* Aim of the task:
Give the data again exactly, without its images.

* Data shown:
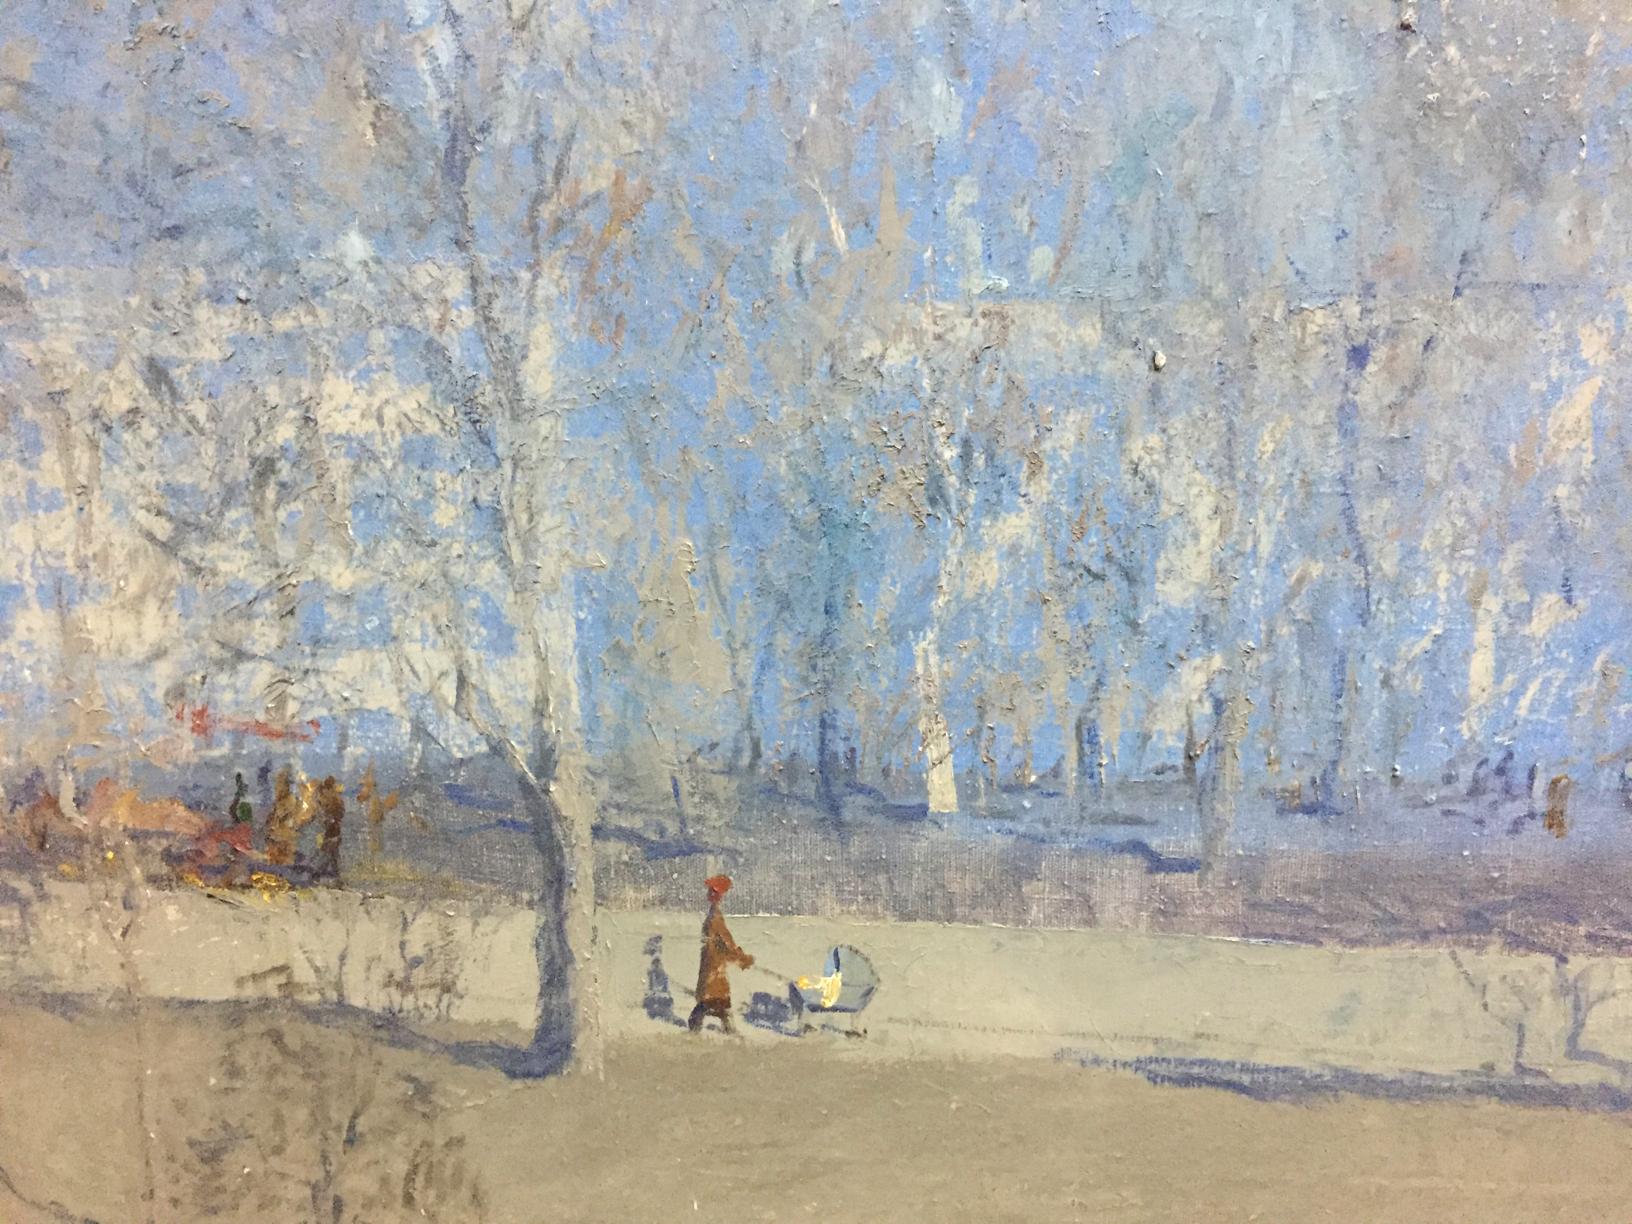 Alexey Fedorovich Vlasov's oil painting depicts a blue spring
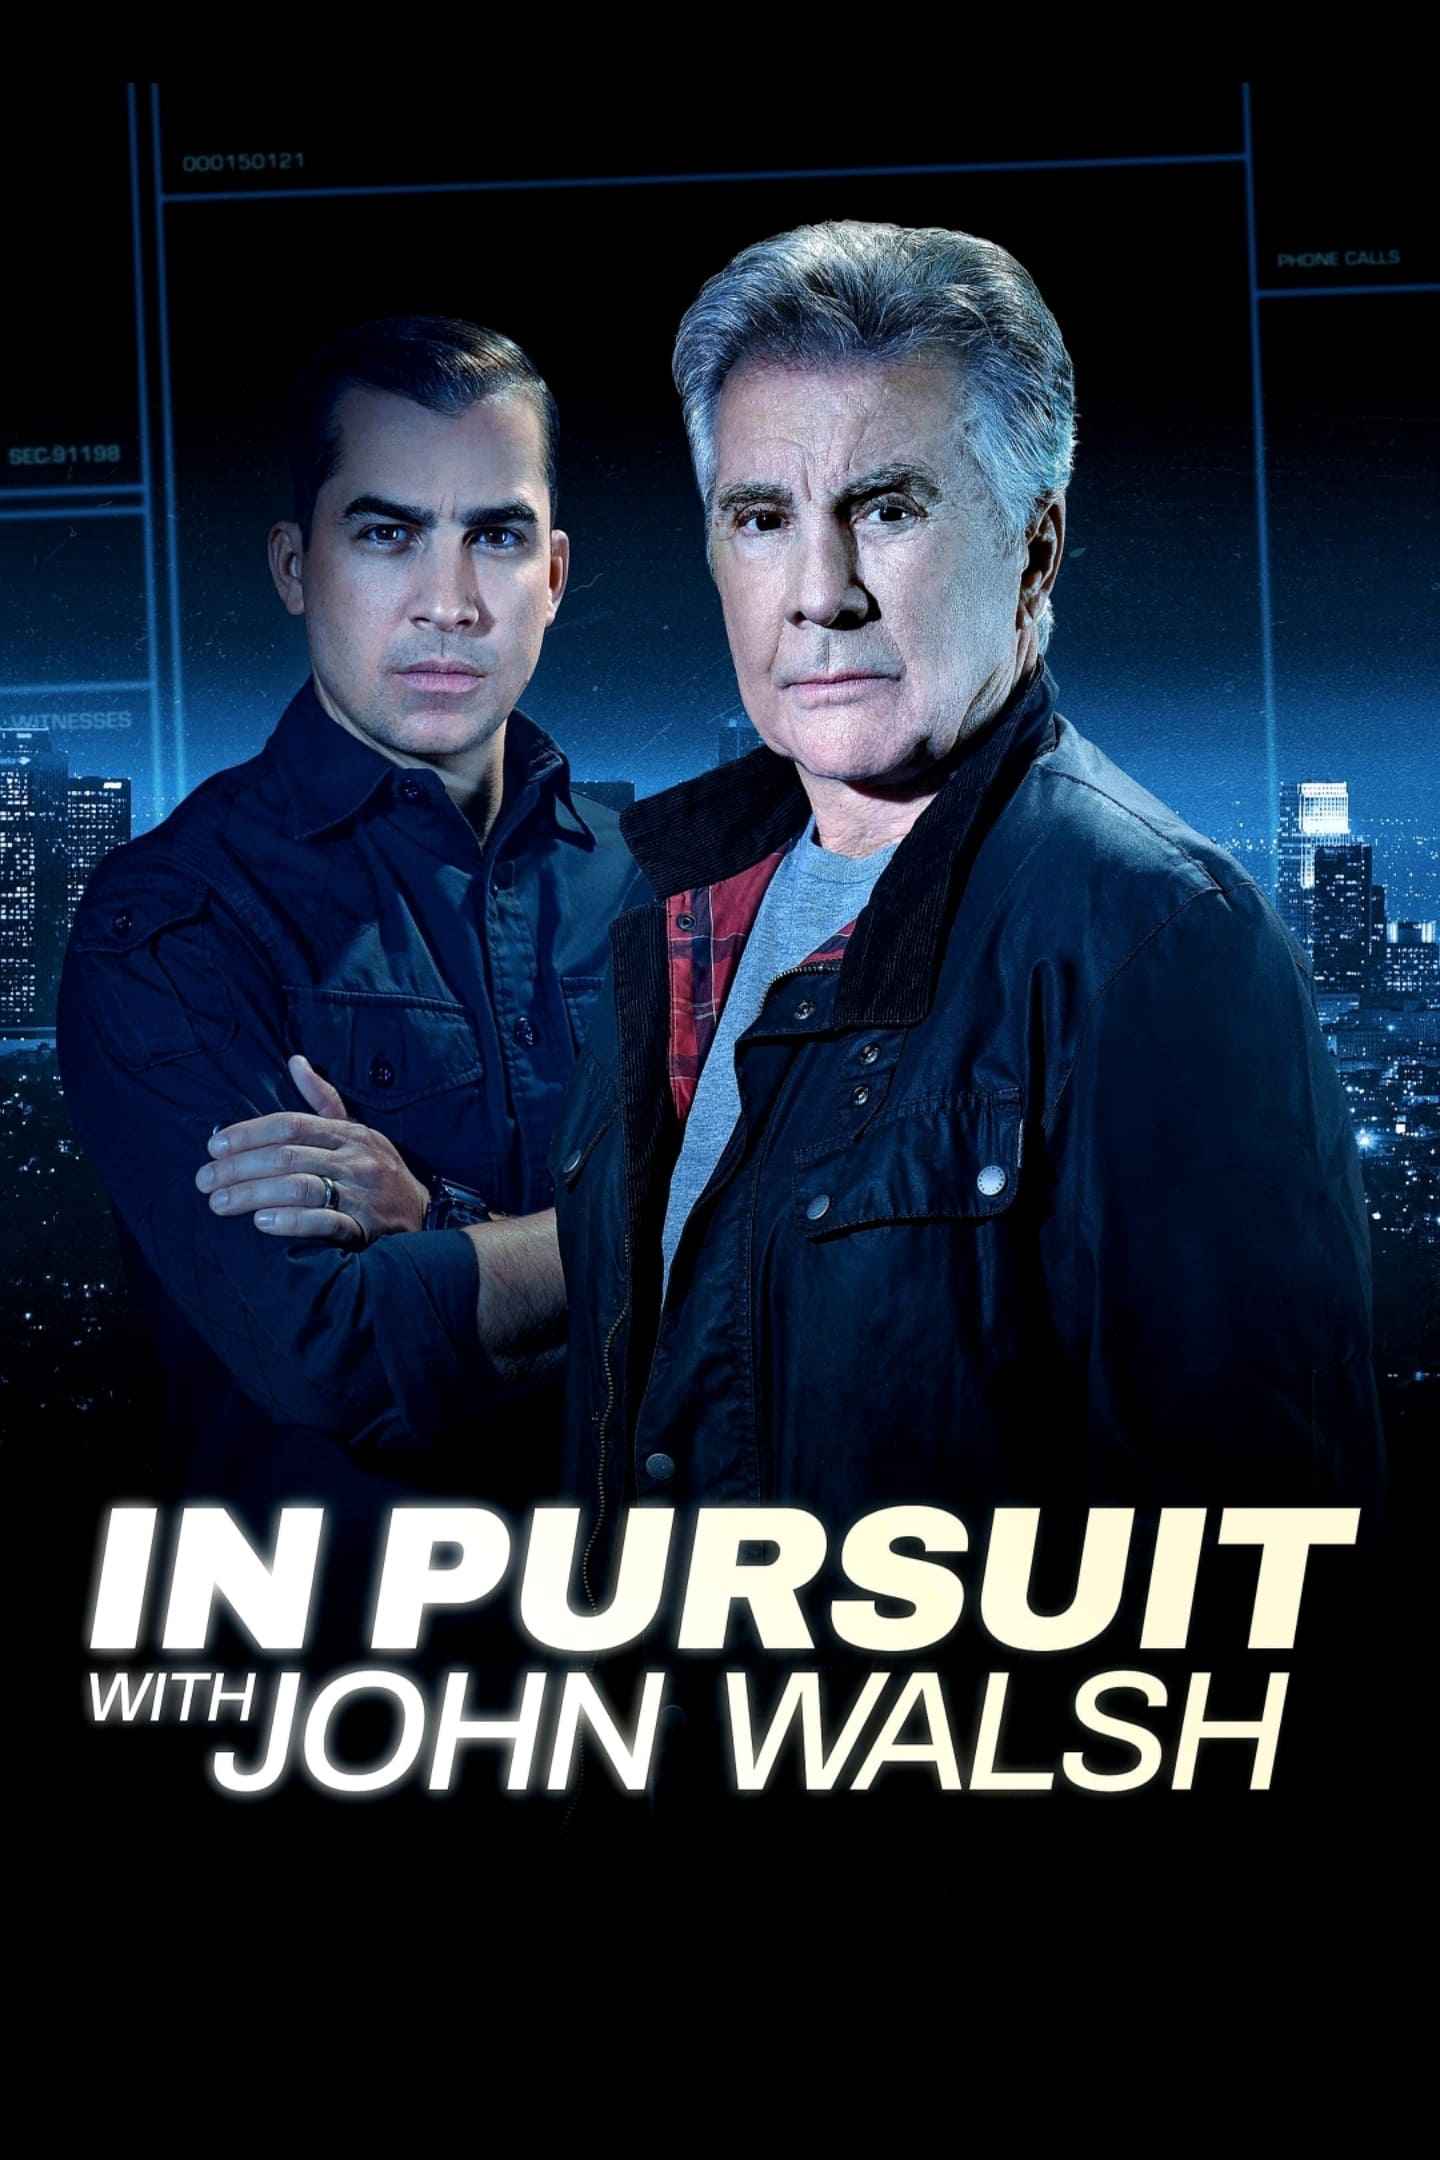 In Pursuit with John Walsh TV Shows About Missing Child
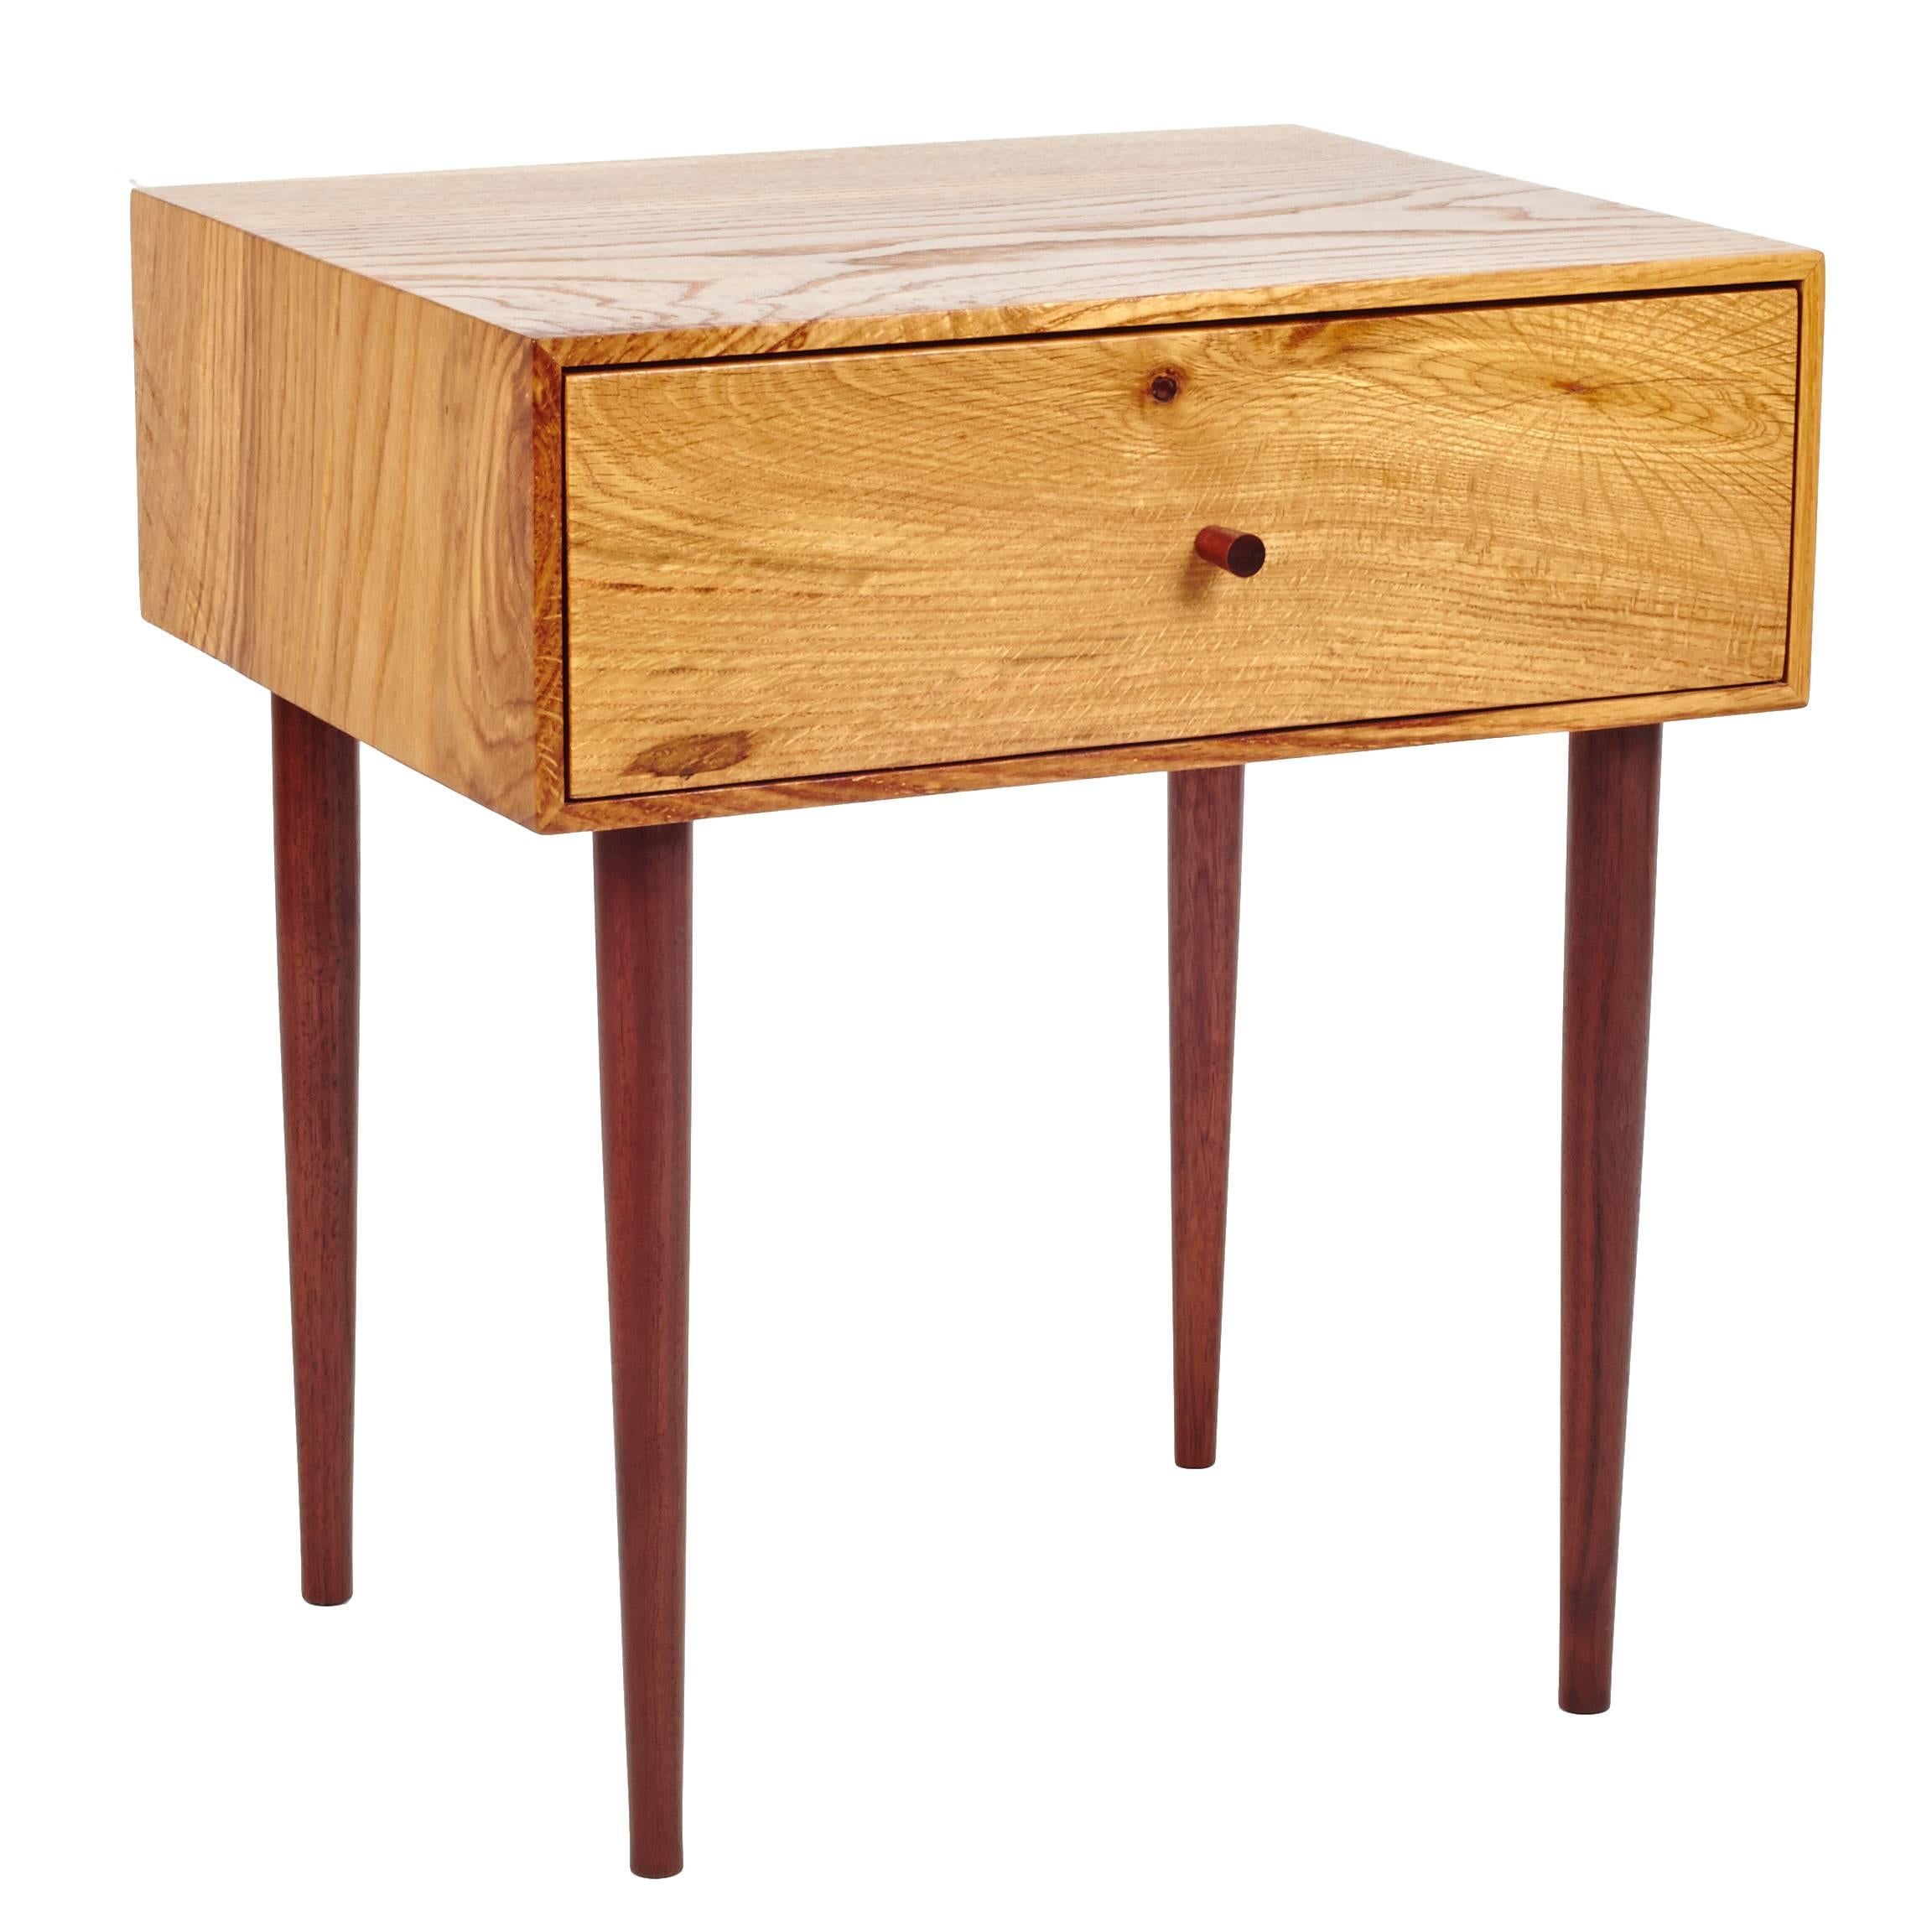 End Table in Chestnut Oak and Hand-Turned Walnut with a Single Drawer

* Result below:
 Alexey Fedorovich Vlasov's oil painting depicts a blue spring
 In Pursuit with John Walsh TV Shows About Missing Child
 End Table in Chestnut Oak and Hand-Turned Walnut with a Single Drawer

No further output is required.